Взгляни на дом свой, ангел - страница 34
– Да как же это? Он ведь был здоровяк в расцвете лет, – сказал Гант. – Я же с ним перед самым отъездом разговаривал, – солгал он, навеки внушая себе, что так оно и было. – Он же и не болел никогда.
– Пришел в пятницу домой простуженный, – сказал вагоновожатый, – а во вторник уже помер.
Рельсы завибрировали нарастающим гуденьем. Толстым пальцем перчатки он протер дырочку в мохнатом слое инея на окне и как сквозь туман увидел рыжий срез откоса. В конце разъезда возник другой трамвай и с режущим визгом свернул на стрелке.
– Да, сэр, – сказал вагоновожатый, отодвигая дверь, – этого уж заранее не угадаешь, чей черед следующий. Сегодня человек жив, а завтра нет его. И бывает, что первыми ноги протягивают те, кто покрепче.
Он задвинул за собой дверь и включил ток сразу на три деления. Трамвай рванулся с места, как заведенная игрушка.
Во цвете лет, думал Гант. Вот и я когда-нибудь так. Нет, другие, не я. Матери скоро восемьдесят шесть. Ест за четверых, писала Огеста. Надо послать ей двадцать долларов. Вот сейчас – в ледяной глине, замороженный. Долежит до весны. Дождь, тление, прах. Кто ставил памятник? Брок или Сол Гаджер? Отбивают мой хлеб. Покончить со мной – с чужаком. Мрамор из Джорджии, основание из песчаника – сорок долларов.
Четыре цента буква. За такую работу это еще дешево, бог свидетель. Мои буквы самые лучшие. Мог бы стать писателем. И рисовать люблю. А мои? Я бы уже знал, если бы что-нибудь… он бы мне сказал. Со мной этого не будет. Выше пояса все в порядке. Уж если что и случится, то ниже. Там все разъело. Дырки от виски по всем кишкам. У Кардьяка в приемной на картинках больной раком. Ну, это должны подтвердить несколько врачей. А не то – уголовное преступление. Ну, да если самое худшее – вырезать, и все тут. Убрать, пока он не разросся. И живи. Старику Хейту сделали окошко в брюхе. Выгребли в чашку. Макгайр – проклятый мясник. Но он все может сделать. Отрежет здесь, пришьет там. Этому, из Хомини, приставил взамен носа кусочек берцовой кости. От настоящего не отличить. Наверное, и это можно. Перерезать все веревочки, потом опять связать. Пока ты ждешь. Работа прямо для Макгайра – раз, два, и готово. Так и будет. Когда меня не будет. Вот так: ничего об этом не известно – но убить тебя может. У Бычихи слишком велики. До весны уже недалеко. Вот и умрешь. Маловаты. А в голове черт знает что. Полные чаши бычьего молока. Юпитер и эта[23]… как ее там.
Теперь на западе он увидел вершину Писги и западный кряж. Там было больше простора.

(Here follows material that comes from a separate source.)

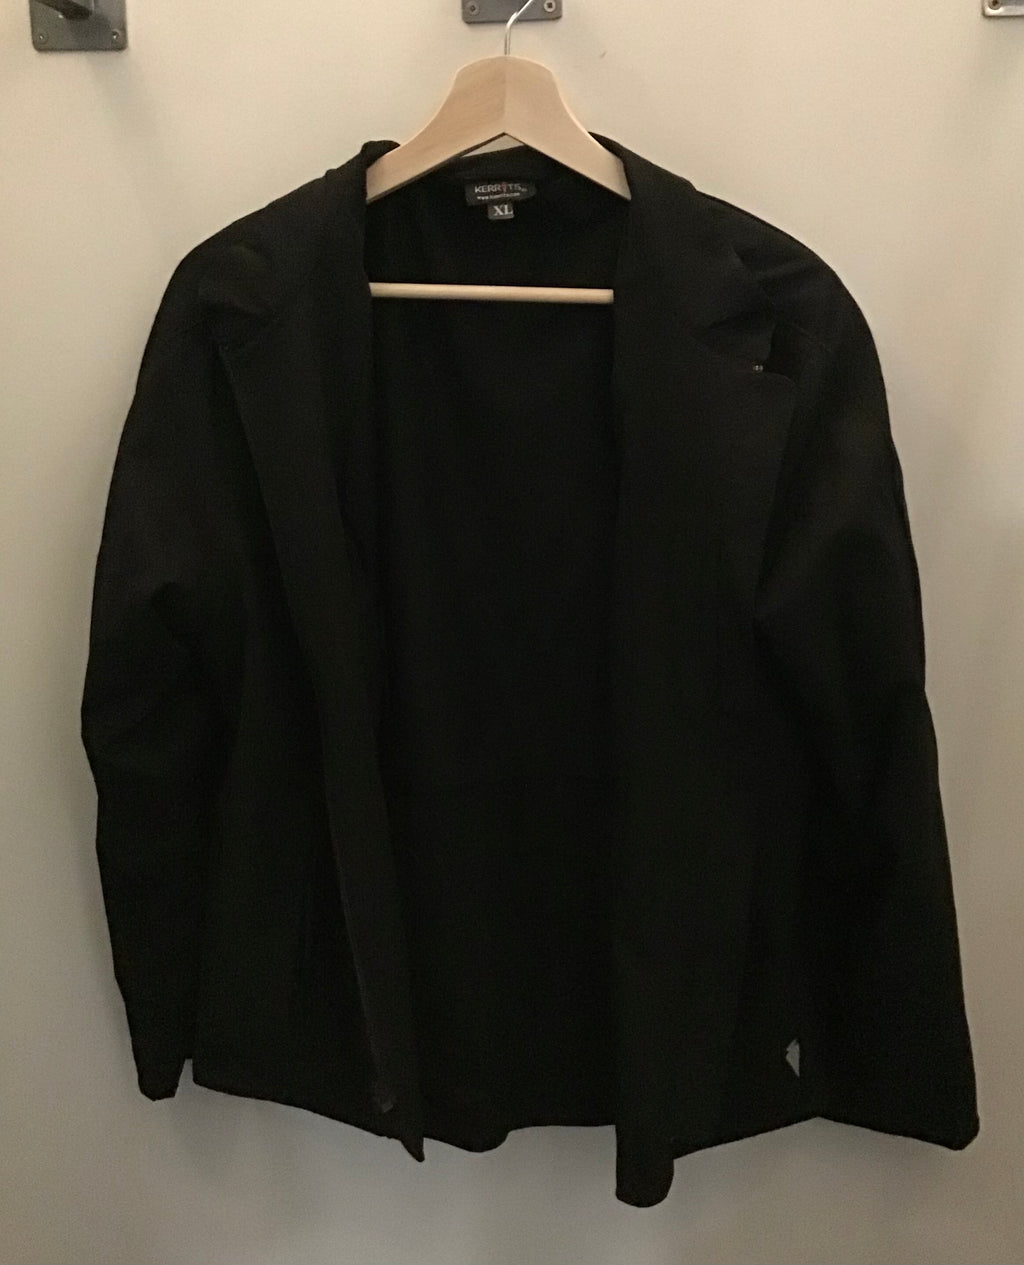 Kerrits jacket (Xl)

Горы в солнечной стороне громоздились к солнцу. Там было что охватить глазом – туманный, пронизанный солнцем размах, мир, изгибающийся и открывающийся в другой мир гор и равнин, туда, на запад. Запад для желаний, Восток для дома. На востоке, всего в миле, над городом заботливо нависали горы. Бердсай, Сансет. Над закопченно-белым особняком судьи Бака Севьера на фешенебельной стороне Писга-авеню в небо густым курчавым столбом валил дым, над негритянскими лачугами внизу в овраге курились жидкие дымки. Завтрак. Жареные мозги и яичница с полосатыми шкварками мягкой грудинки. Проснитесь, проснитесь, проснитесь, горные свиньи! А она еще спит, неряшливо завернувшись в три старых одеяла в душном, затхлом, желтоватом холоде. Потрескавшиеся руки тошнотворно сладковаты, наглицеринены. Пузырьки с сургучом на горлышках, шпильки, обрывки бечевки. Входить к ней сейчас не позволено. Стыдится.
Разносчик газет номер семь кончил свой обход на углу Вайн-стрит, как раз когда трамвай остановился, сворачивая с Писга-авеню к сердцу города. Мальчишка ловко сложил, согнул и расплющил свежие газетные листы и запустил увесистый кирпичик за тридцать ярдов на крыльцо Шиллса, ювелира. Газеты звонко шлепнулись об стенку и отскочили. А разносчик зашагал с утомленным облегчением в гущу времени навстречу двадцатому веку, с наслаждением ощущая призрачный поцелуй отсутствующей ноши на своем правом, теперь уже свободном, но все еще перекошенном плече.